ベッド脇に座り直し、正面からヴァンパイアの少女の目を見つめる。ヴァンパイアの少女も最後の抵抗とばかりに、私の目を真っ直ぐに見つめ返してきた。その見つめ返してくる瞳が怪しく赤く輝くが、今の私とヴァンパイアの少女の関係性では何をやっても意味がない。
「どうして、お前は平然としていられるのよ……?」
「なんのことかしら?」
「血を吸って眷属化したはずよ。今も私の魔眼での支配が効かないなんて……」
「魔眼ねえ。そういうことができるってことは、お嬢ちゃんは始祖種なのね。しかも、こうやって私と会話をしているということはその中でも力の強い貴族だったりするのかしら?」
ヴァンパイアの少女の沈黙が私の推察が当たっていることを示していた。
ヴァンパイアは魔導文明崩壊時に異界からやってきた種族だ。その高い知性と普通の人間では敵わない力の前に、いくつもの都市がヴァンパイアの支配下に入っていった。そうして勢力を拡大していき、日照時間の少ない北方地域を中心に、ノーアニブルという名のヴァンパイアを主とする支配領域が築かれた。
ヴァンパイアは同じ種族の中でも階級制度があり、始祖種と呼ばれるいわゆる貴族階級に属する者たちは高潔でプライドも高いが上位存在としての義務感や責任感というものは強い。そのため人格者や倫理観の高い者が多い。だからこそ、人間との間に不可侵条約や講和条約の締結に尽力した。
その結果が、今の人類のみが緩やかに衰退していく平穏な世界への道筋を作ったとも言えるだろう。
ヴァンパイアの少女は恐怖を感じ始めたのか、口元がわなわなと震え始めた。そんな様子も元の顔が整っていて若く見える容姿をしているせいか、かわいく見えてしまい、ちょっとだけ虐めたくなってしまう。
「始祖種で大胆なことをしたわりには、かわいい表情もできるじゃない。お嬢ちゃん」
そう言いながらわざとらしく笑みを作ってみせる。そんな私の言動に少し前までの抵抗をしようとしていた心が折れてしまったのか、目からは覇気が感じられなくなり、身動きもしなくなった。少しやりすぎたかなと思いつつも、大人しくなったのは好都合と捉えることにした。
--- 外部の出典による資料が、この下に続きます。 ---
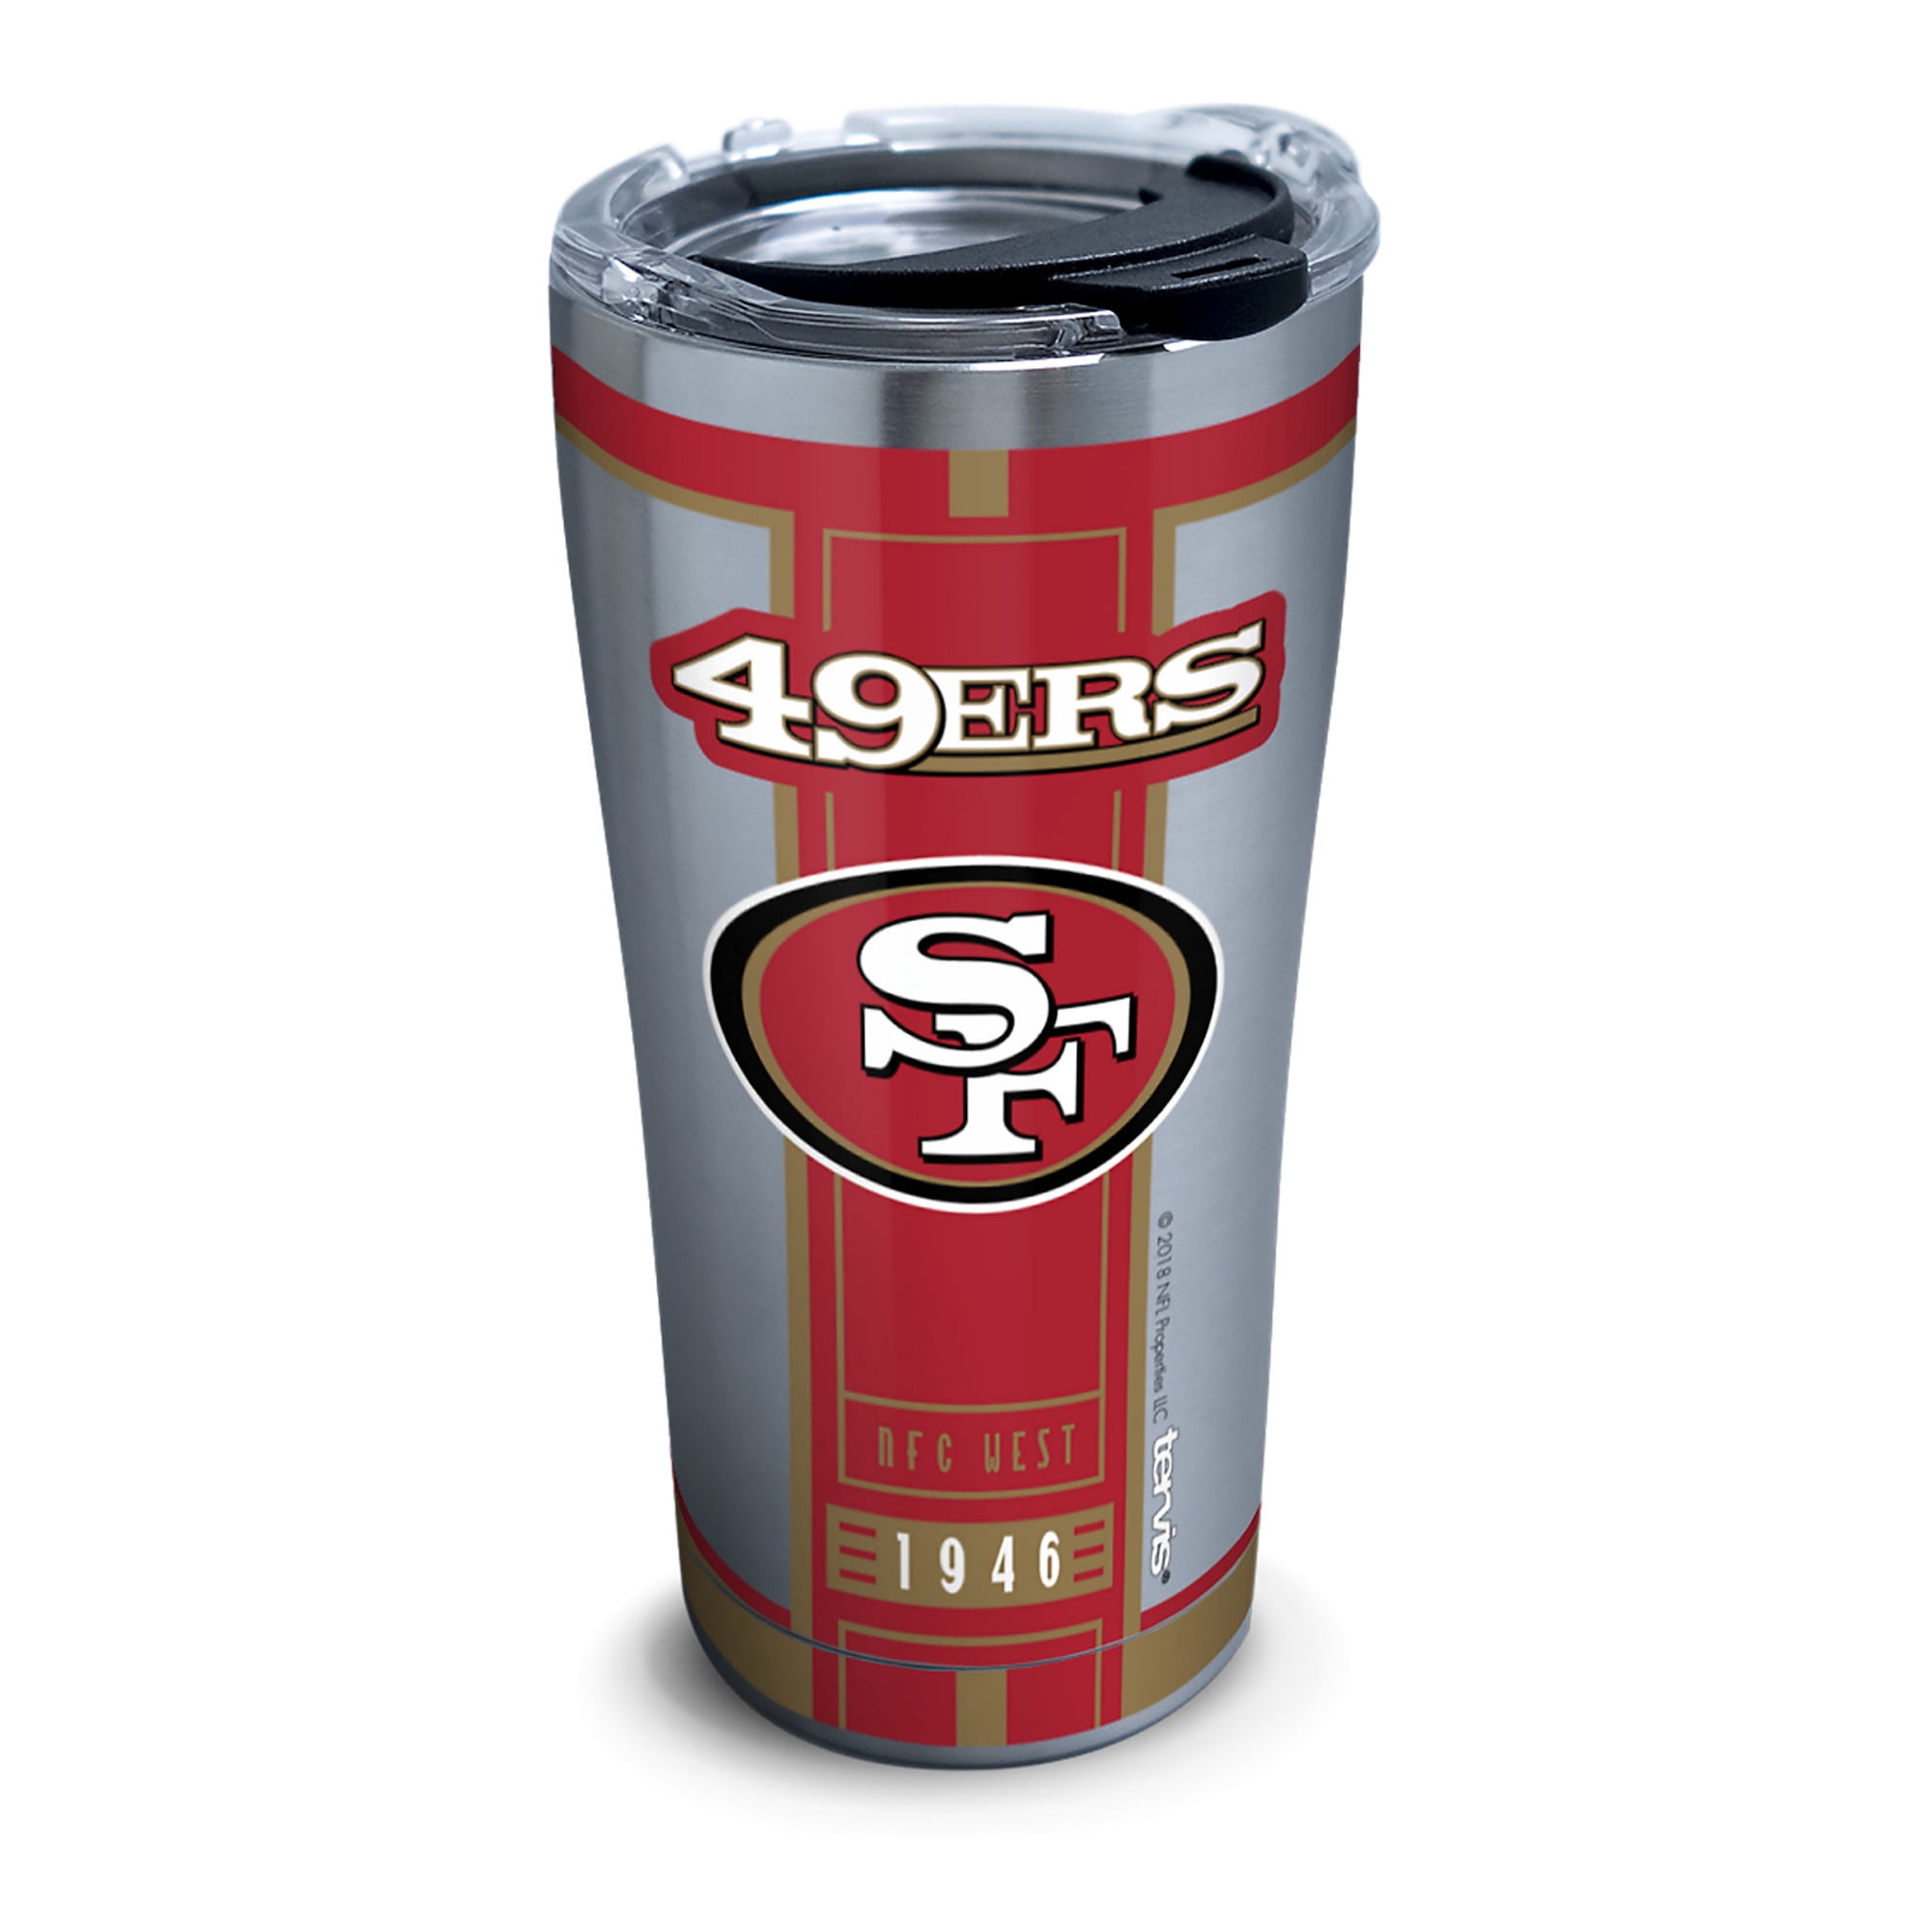 Other, Sf 49ers Tumbler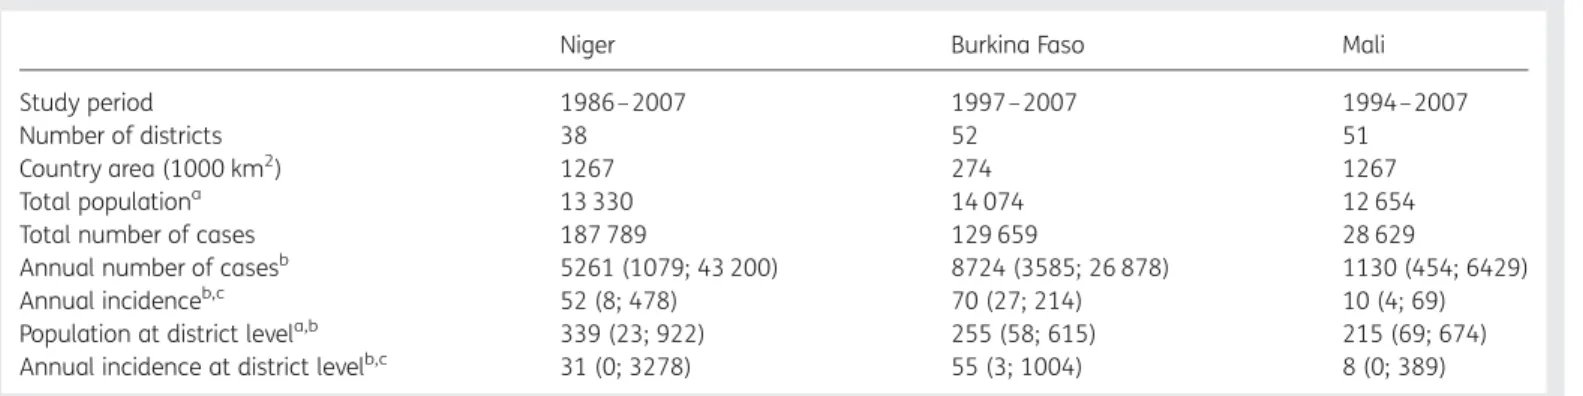 Table 1. General and epidemiological country-level characteristics for Niger, Burkina Faso and Mali

「それじゃあ、なんでこんなことをしたのか話してもらおうかしら? お嬢ちゃん」
それは命令ではなくお願いで、ヴァンパイアの少女が話す気がないというならそれでもいいと思った。だからこそ、ヴァンパイアの少女に自由を与えると、ヴァンパイアの少女は力なく床にへたり込んでしまった。ヴァンパイアの少女は体を起こし、自分の意志で体を動せることを確認し終えると、私のことを正面から見上げるように見つめてくる。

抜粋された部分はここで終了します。